A long parade of rugged patriots, corrupt politicos, and visionary reformers helped build Baltimore. Yet the metropolis known as “Charm City” has also been a haven for a distinguished line of artists, eccentrics, and malcontents.
Baltimore: A Political History (Johns Hopkins University Press)—written by Matthew Crenson ’63, professor emeritus of political science—provides a comprehensive look at the manifold forces that influenced and impeded city government for more than 300 years.
Crenson also possesses a keen eye—and nose—for the two-way traffic between politics and the body politic. He scrapes away charm (and myth) to expose less savory features of civic history, including the herds of pigs that roamed Baltimore’s streets to dispose of garbage before the outbreak of the Civil War, and the noxious sewage that befouled the city’s air into the 20th century.
As a professor and go-to source for political journalists, Crenson steeped himself in the city’s political history. His Neighborhood Politics (1983, Harvard University Press) was a provocative investigation into how Baltimore’s local conflicts often provide more of a spur to communal action than solidarity.
Crenson says he came to see continuities in Baltimore political life throughout history as more striking than any changes. “What I began to see is the way things stayed the same,” he says. “There are constants in Baltimore political history that just stay there, sometimes for centuries.”
One perpetual battle is the fierce tug of war between Annapolis (Maryland’s capital) and Baltimore. The General Assembly’s long history of denying Baltimore fair representation, or sufficient power to tax or police itself, often led city residents to create quasi-governmental bodies or take to the streets. This latter tactic gave rise to another name for the city that has stuck: “Mobtown.”
Baltimore leaders pursued civic improvements such as gaslight and electrified streetcars. They foresaw the rise of American railroads. Yet Baltimoreans never fully exploited these innovations, and also allowed significant health and safety issues to fester. Baltimore was the last major American city to install a sanitary sewer system.
Crenson says the “city’s political incapacity” hindered progress. “There was political division about the desirability of having swine in the streets,” he says, “and city government was not strong enough and assertive enough to resolve that. Same thing with the sewers. Building a citywide sewer system required a degree of political coherence and integration that the city was not able to achieve until after the Great Fire of 1904.”
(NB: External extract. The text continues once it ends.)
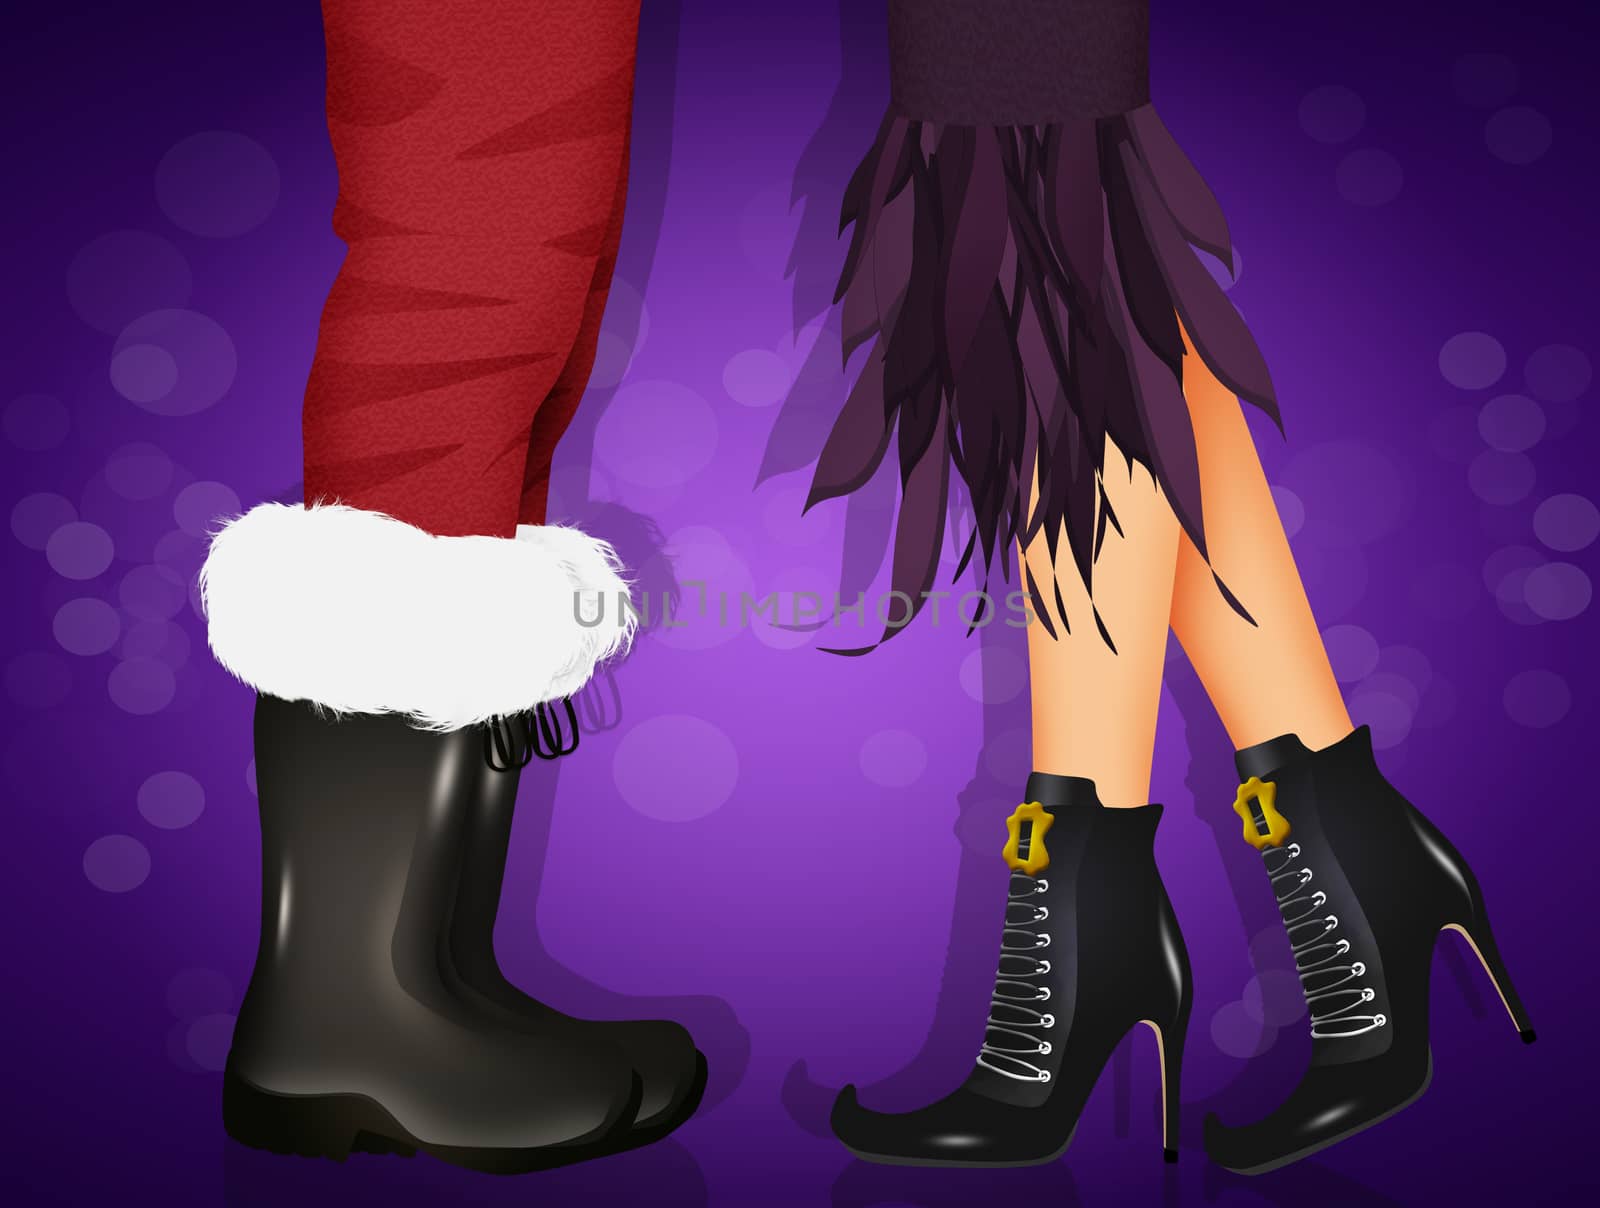 witch's and Santa's legs by adrenalina

That immense conflagration destroyed over 140 acres of the city’s center. Crenson calls it a “great unifying moment” that compelled Baltimore to confront the 20th century. But why didn’t it happen sooner? One reason was Baltimore’s lack of a political machine—such as the Tammany Hall organization built in New York City by William “Boss” Tweed—to centralize power and overcome opposition.
“We had a political machine,” says Crenson. “But it was a feeble machine. They had to make concessions to reformers.” Isaac Freeman Rasin, the key political boss of late 19th century Baltimore, even placed reformers on his candidate lists to “perfume the ticket” for voters.
Avoiding conflict was priority for municipal leaders who grappled with a Mobtown legacy of major riots triggered by politics, secession, and labor unions between 1812 and 1877.
“This weak machine found ways of dealing with points of conflict, substituting bribes and patronage,” says Crenson. “They saw what [Baltimore residents] were capable of in the way of violence, and they found ways to tiptoe around it.”
On the surface, the riots of 1968 and 2015 may appear to be a return to the city’s Mobtown roots. But Crenson says the battles that Baltimore’s black residents have waged for civil rights and long-deferred political influence weave into a much more complex narrative.
Before the Civil War, Baltimore had the highest number of free blacks of any U.S. metropolis. Jim Crow was pervasive and pernicious in Baltimore, but also less violent, in part because its political bosses often chose to suppress black votes by bribing that community’s leaders.
Crenson observes that the city’s racial politics, while fraught, has lacked the nasty edge of other American cities. He cites the 1987 election of Kurt Schmoke as Baltimore’s first black mayor as one example.
“The very fact that we elected our first black mayor without making an issue of race. That’s extraordinary. That didn’t happen anywhere else.”
Baltimore’s political triumphs and failures rest uneasily side by side over three centuries. Or is it that they are inextricably intertwined? Crenson renders his own verdict at the end of his book: “Perhaps it is possible to be Mobtown and Charm City at the same time.”